Many flower visiting beetles have hairy bodies where pollen grains attach aiding in the pollination of flowers. They often show a preference for white, cream or green colored flowers, with a strong, fruity or fermenting odor. The hard wings (elytra) provide some protection to beetles while they visit flowers. They are not easily scared off by other flower-visiting insects and will spend several minutes on a flower feeding on floral resources.
Locust Borer Beetle, Megacyllene robiniae
Locust borer beetles feed on pollen and are found on many goldenrod species in late summer. A possible survival strategy is to mimic wasps with black and yellow coloring, a good bird deterrent. The larvae of this beetle excavate tunnels in the wood of black locust trees (Robinia pseudoacacia).
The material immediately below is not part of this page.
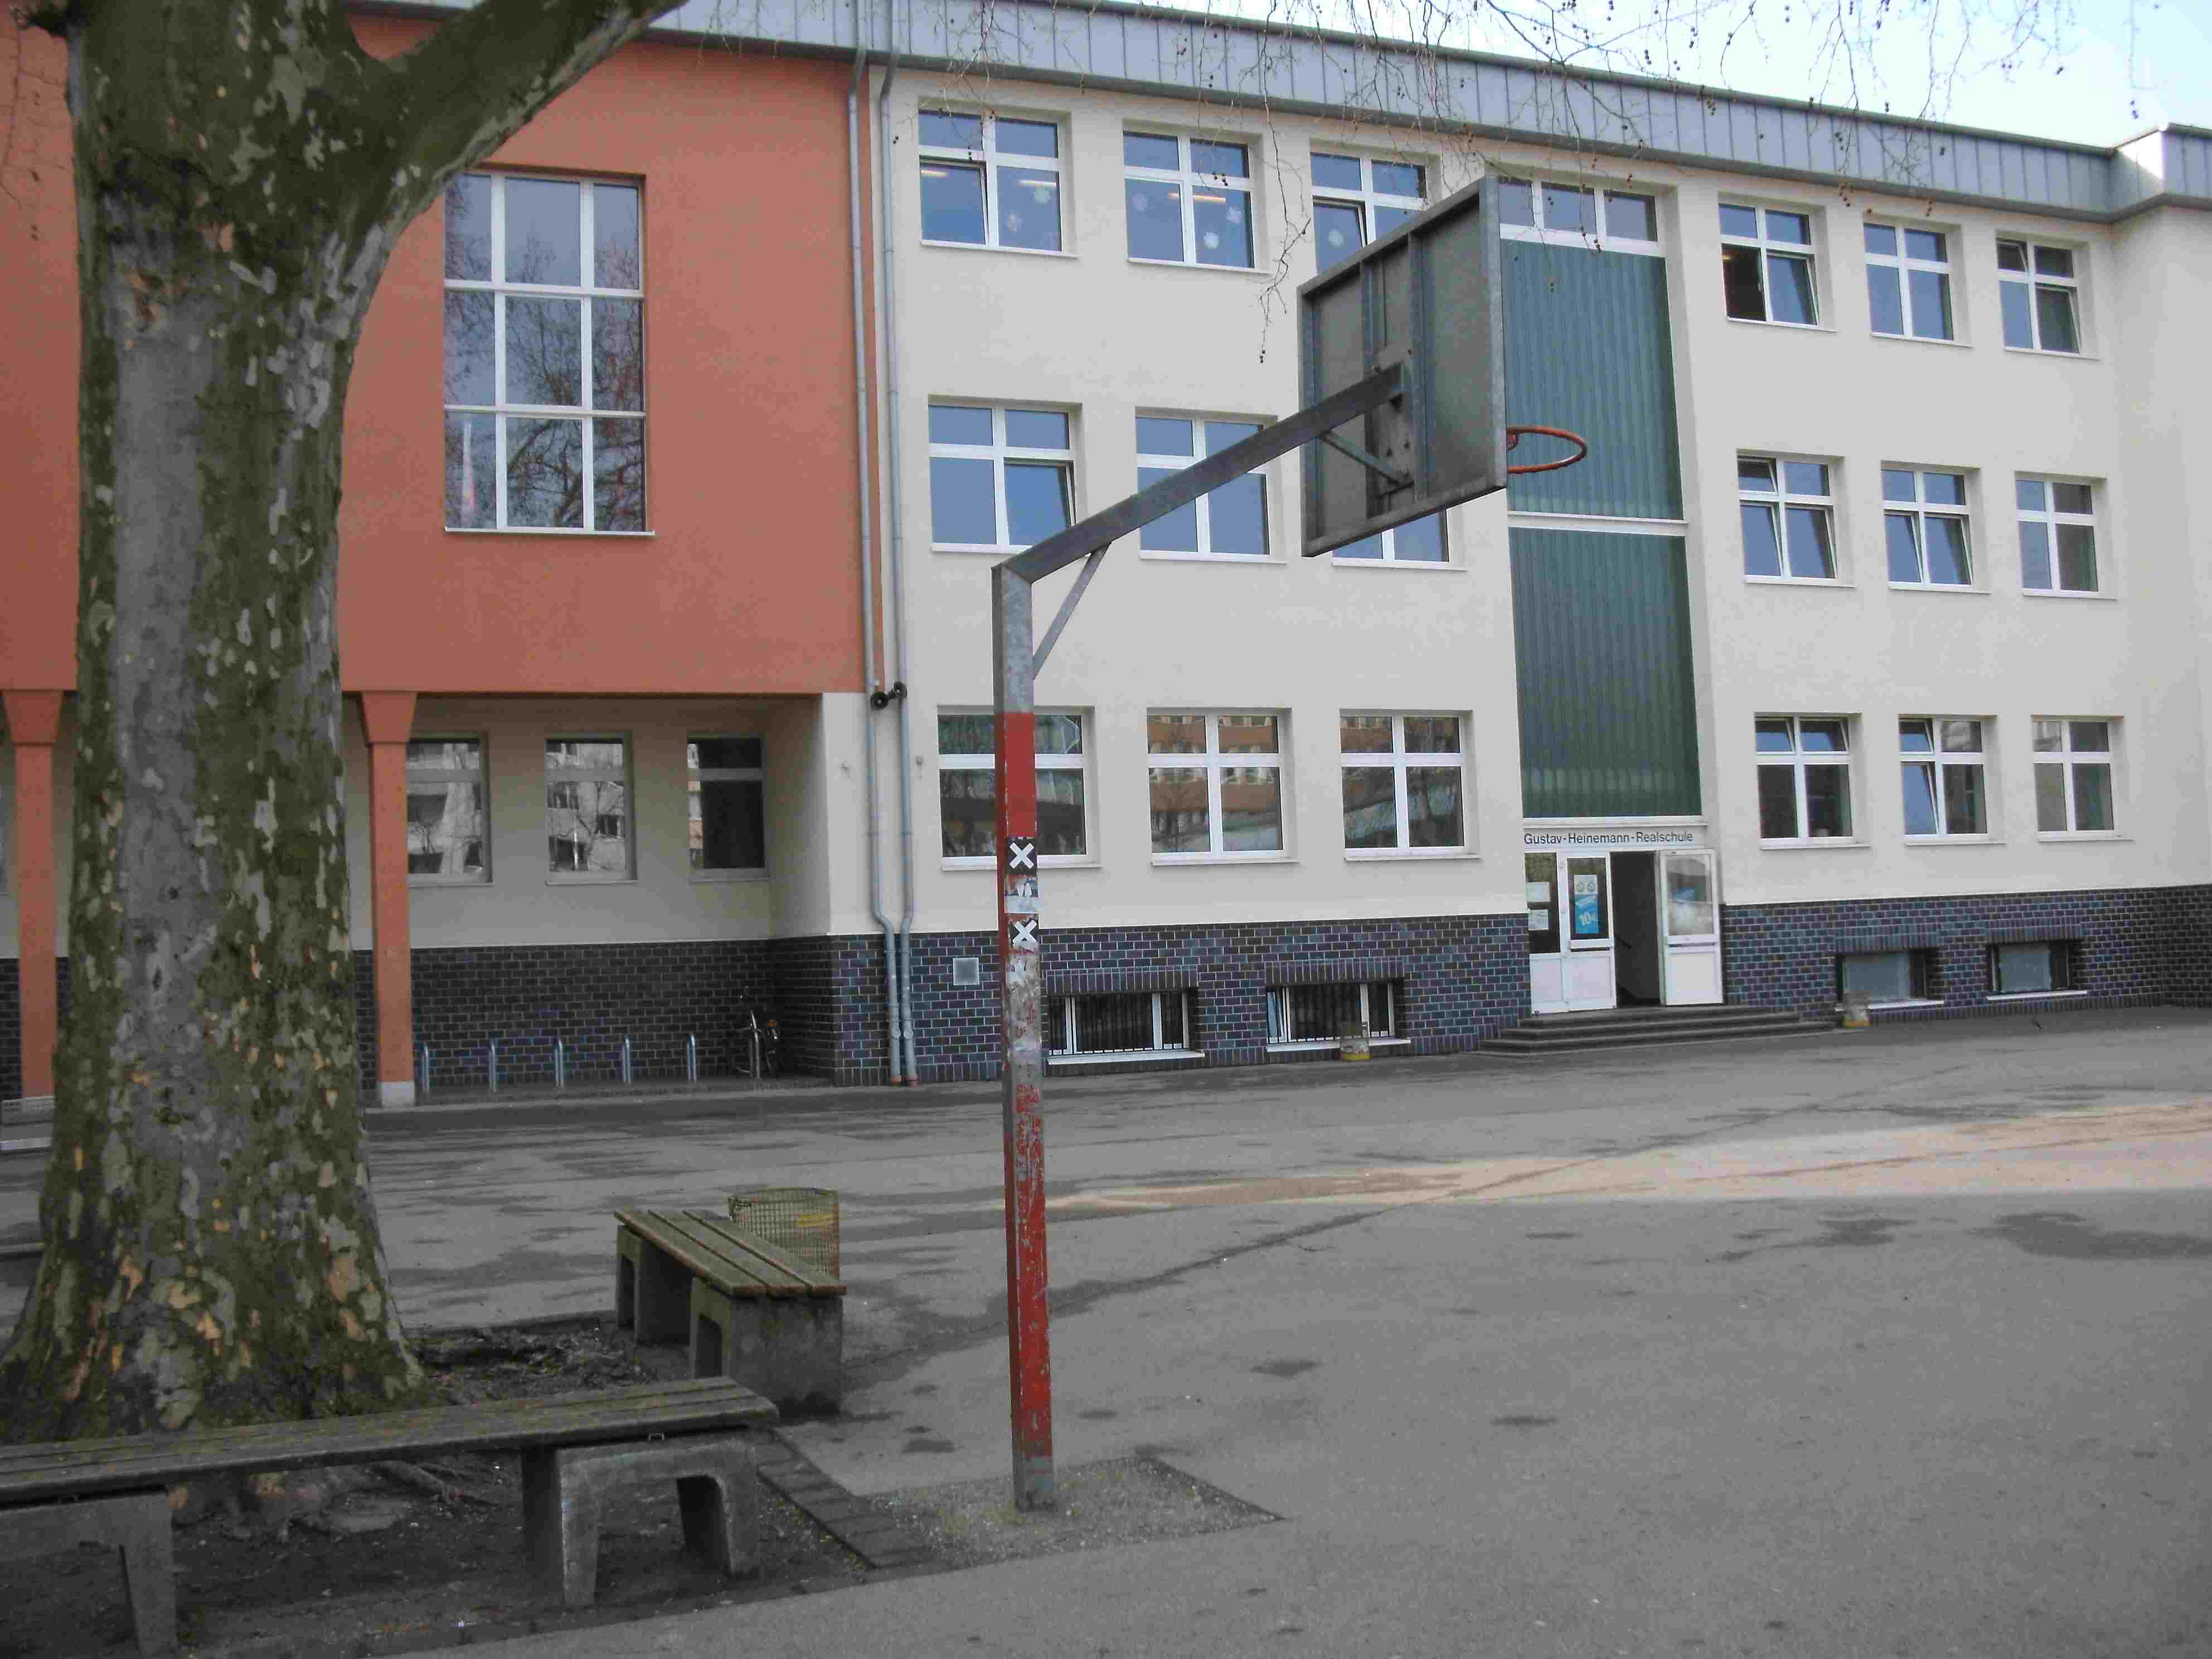 Gustav-Heinemann-Realschule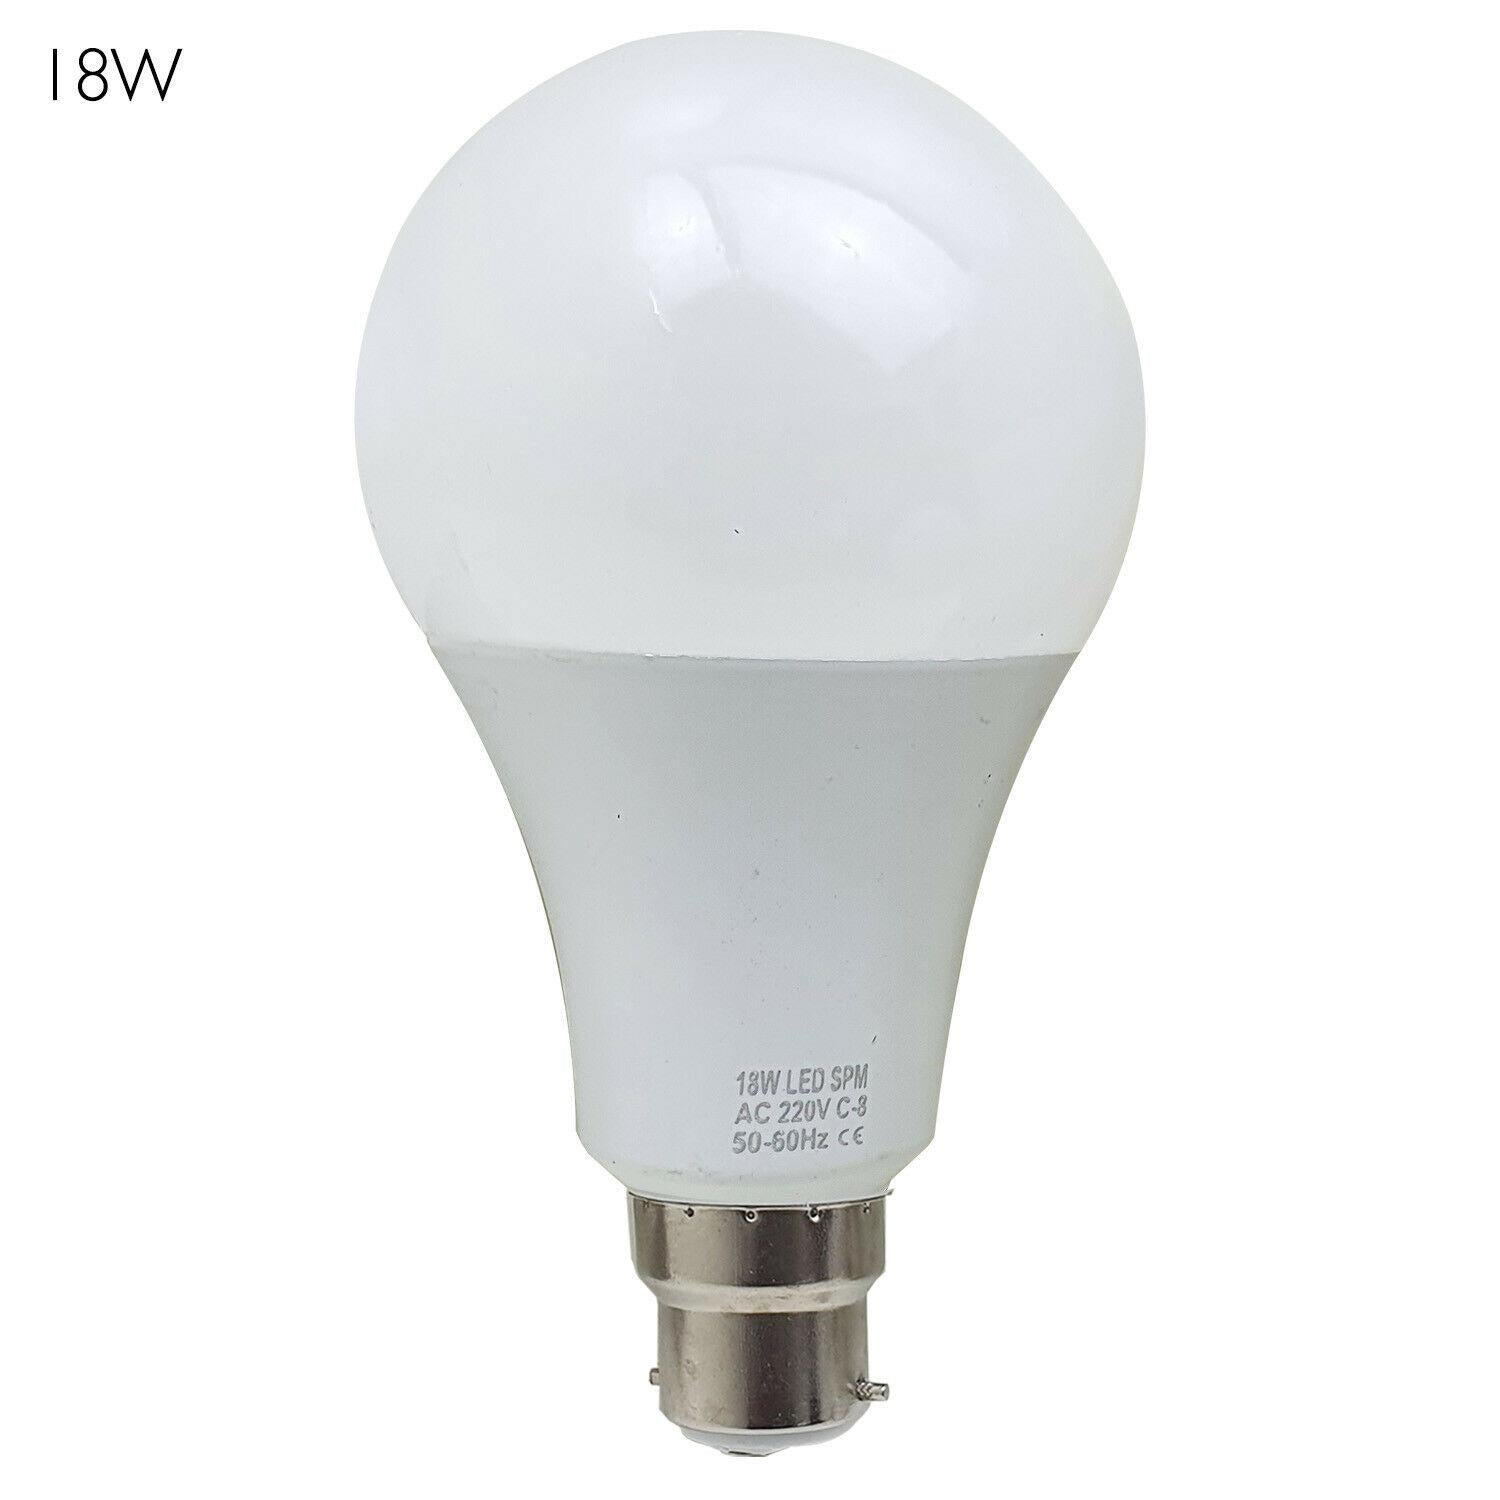 3 X LED Lamp 3W-25W B22 E27 GLS Light Bulbs 0 - LEDSone UK Ltd

Blister Beetles, Nemognatha spp.
These blister beetles are common on black-eyed susans, often feeding on nectar. They have strange looking mouthparts consisting of long maxillae that they use to suck nectar, they can also feed on pollen with their mandibles. Females lay their eggs on flowers, when the larvae hatch, they attach themselves to visiting bees and are carried back to the bee nests. The beetle larvae kill the bee larvae and consume the bee provisions of pollen and nectar.
Fire-Colored Beetles, Pedilus spp.
Fire-colored beetles are common flower-visitors in the spring. Larvae feed on fungi in decaying wood. Look for these beetles on flowers near woods often where blister beetles occur. Male fire-colored beetles will climb onto blister beetles, prompting them to release cantharidin, a defensive chemical. The male fire-colored beetles then lick the cantharidin off the blister beetle and use the chemical to attract females. When the male beetles mate with females, the cantharidin is transferred to the female. Her eggs are coated with cantharidin which helps protect them from predation.
PREDATION (BENEFICIAL INSECTS)
Soldier Beetles, Family Cantharidae
Soldier beetles visit flowers for pollen and nectar, they are very common in mid- to late-summer.Their narrow head, thorax, and maxillary tongue allow them to access flower nectar in fairly deep flower corollas.Considered a beneficial insect, soldier beetle larvae feed on aphids, fly larvae, small caterpillars, beetle larvae and grasshopper eggs. Some adults in this family also feed on aphids. One defense mechanism of soldier beetles is to secrete a chemical compound so they are unpalatable to predators.
Ladybird Beetles, Cycloneda spp.
Both adults and larvae feed on soft-bodied insects (mainly aphids) and are utilized in the biological control of aphids. Females can consume hundreds of aphids before laying eggs. These beetles overwinter in groupings as adults and emerge in spring. Look for ladybird beetle eggs laid near aphid clusters, often under the flowerheads.
Wedge Shaped Beetle, Macrosiagon limbatum
A distinctive, triangular-shaped small beetle. Both male and female wedge-shaped beetles are found on native plants visited by wasps (and bees), where the female lays her eggs on the foliage. When an egg hatches the tiny first stage larva attaches itself to a visiting wasp or bee. The host carries it back to its nest where the beetle larva burrow into the host larva and live as an internal parasite.The developing wedge-shaped beetle larva continues to consume its host from the inside and eventually emerges from the host body. It then proceeds to feed on the host from the outside until the host dies.
Tiphiid Wasp, Myzinum spp.
These wasps visit late summer natives for nectar. Males have a menacing looking ‘pseudostinger’ on the end of their abdomen. Females burrow into the ground and lay their eggs on scarab beetle grubs which their larvae consume as they develop.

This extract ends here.